MATTINGLY: “— legacy. Where are we right now legacy wise?”

DOVERE: “He had — I think you’re right, a historic first couple of years in office, more legislation on the domestic front than anybody going back to Lyndon Johnson can claim credit for. I do think that what you’ve seen is a slow receding into the bushes from Joe Biden here. I’m going to do it. I’m going to bring up a West Wing quote here. There’s a moment on the West Wing when John Spencer, as Leo McGarry, the White House chief of staff, says, he’s, like, trying to rally the troops. And he says, we can do more — we can affect more change in one day in this building than we will in a lifetime after we leave the building. That is not the approach that Joe Biden has been taking, at least publicly since the election, certainly, and even since he ceded the nomination to Kamala Harris. But there are things that he could be doing through executive authority. A lot of things that he could be doing would probably put a target on them for Donald Trump to go after first. It does not seem like taking another vacation now is the kind of running through the tape mentality that White House staff has said he and the whole building is approaching things with. I think it’s a really difficult thing for Joe Biden to know that he came into the presidency as a rejection of Donald Trump.
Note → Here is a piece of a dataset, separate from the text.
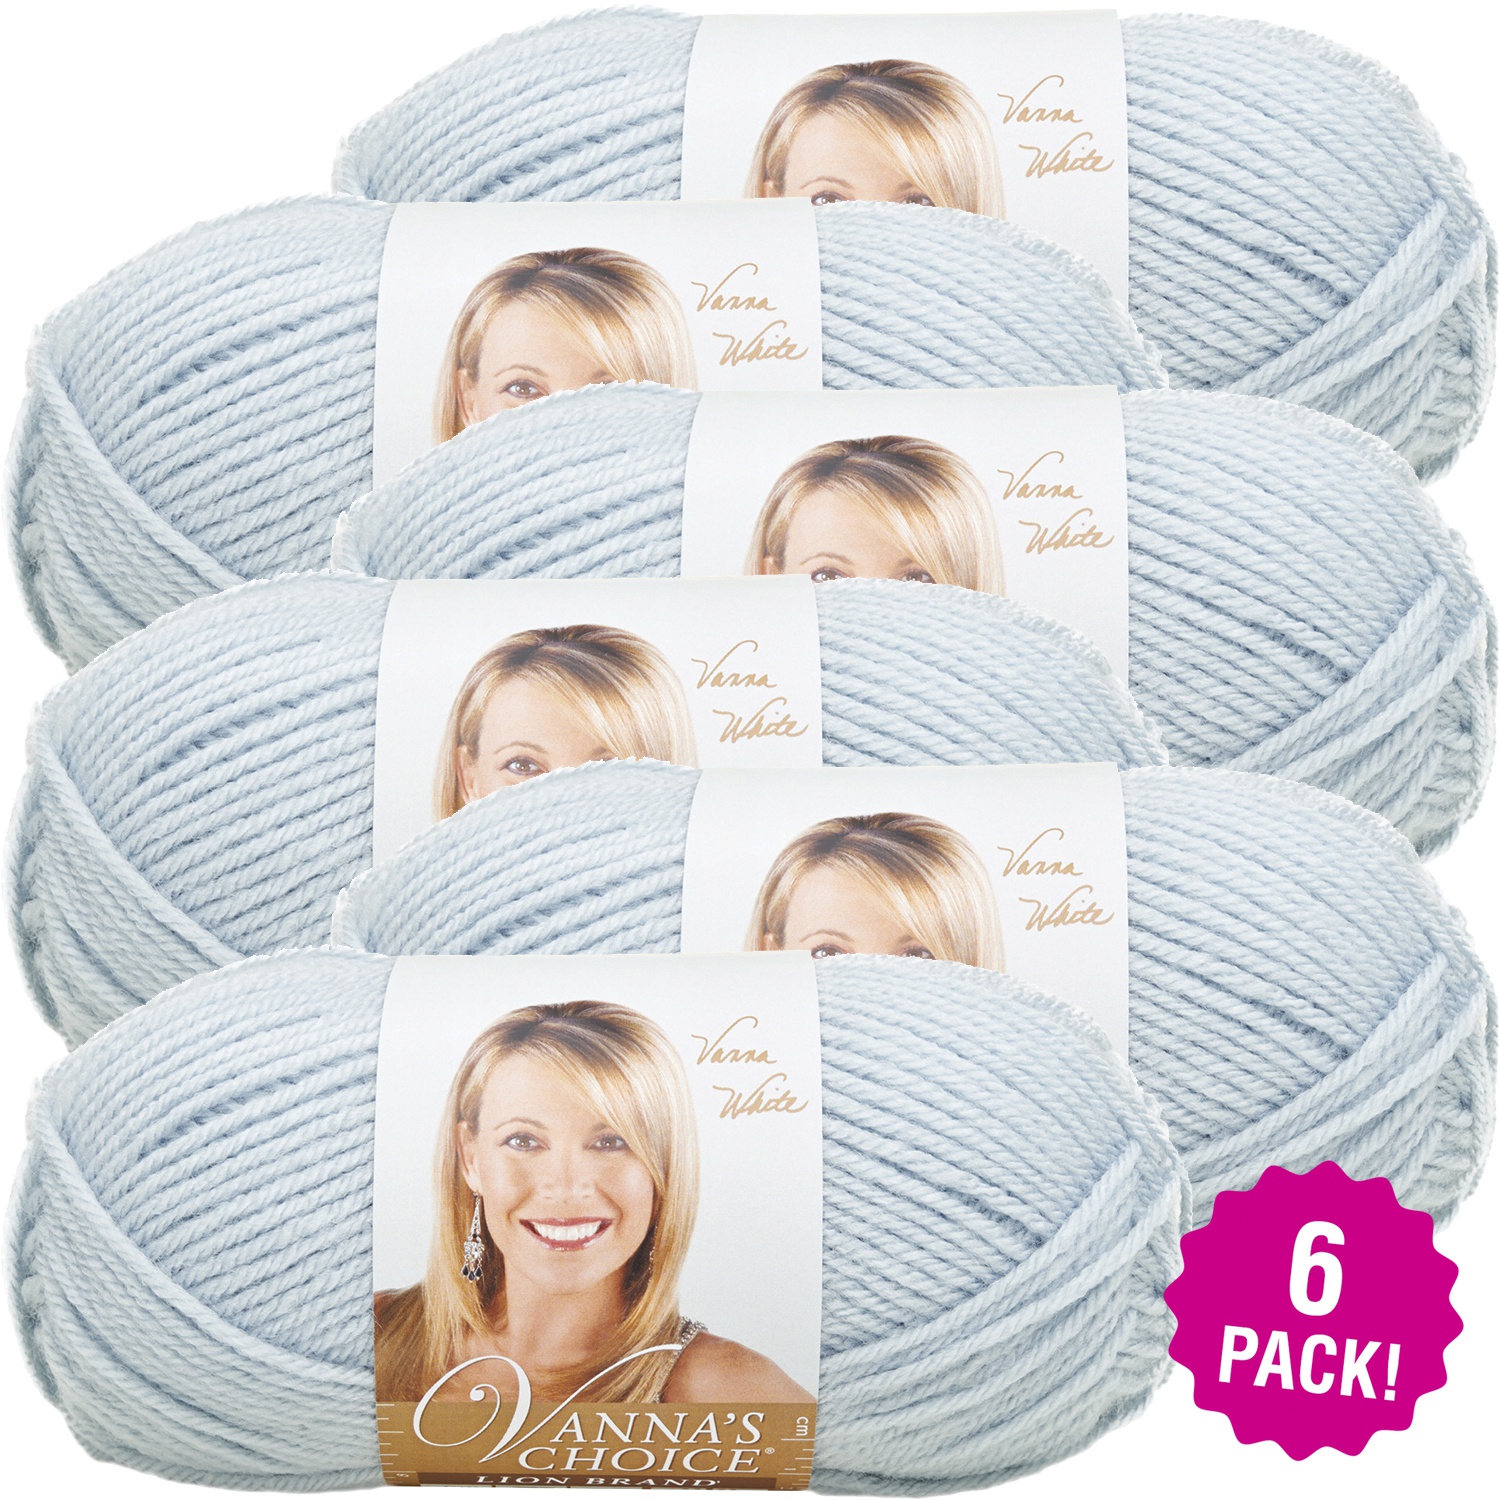 Lion Brand Vanna's Choice Yarn - Silver Blue, Multipack of 6

And here he is being replaced by Donald Trump. I think back to an interview that I did with Joe Biden. He’d been president for about three weeks, I was talking to him for a book that I wrote. And I — part of the takeaway that I had from it was him trying to assert himself as Joe Biden, the guy who got elected president. Not just Barack Obama’s vice president, not just the guy who beat Donald Trump. But now that is part of who he is, and it may define who he is. A couple weeks before the election, I had a conversation with a senior person in the White House, and I said, if Harris loses, most of the way that Biden is going to be remembered, at least in the short-term, is the guy who was just in between the Trump terms. And — no, that’s not true. At this moment, that is the way that he is acting.”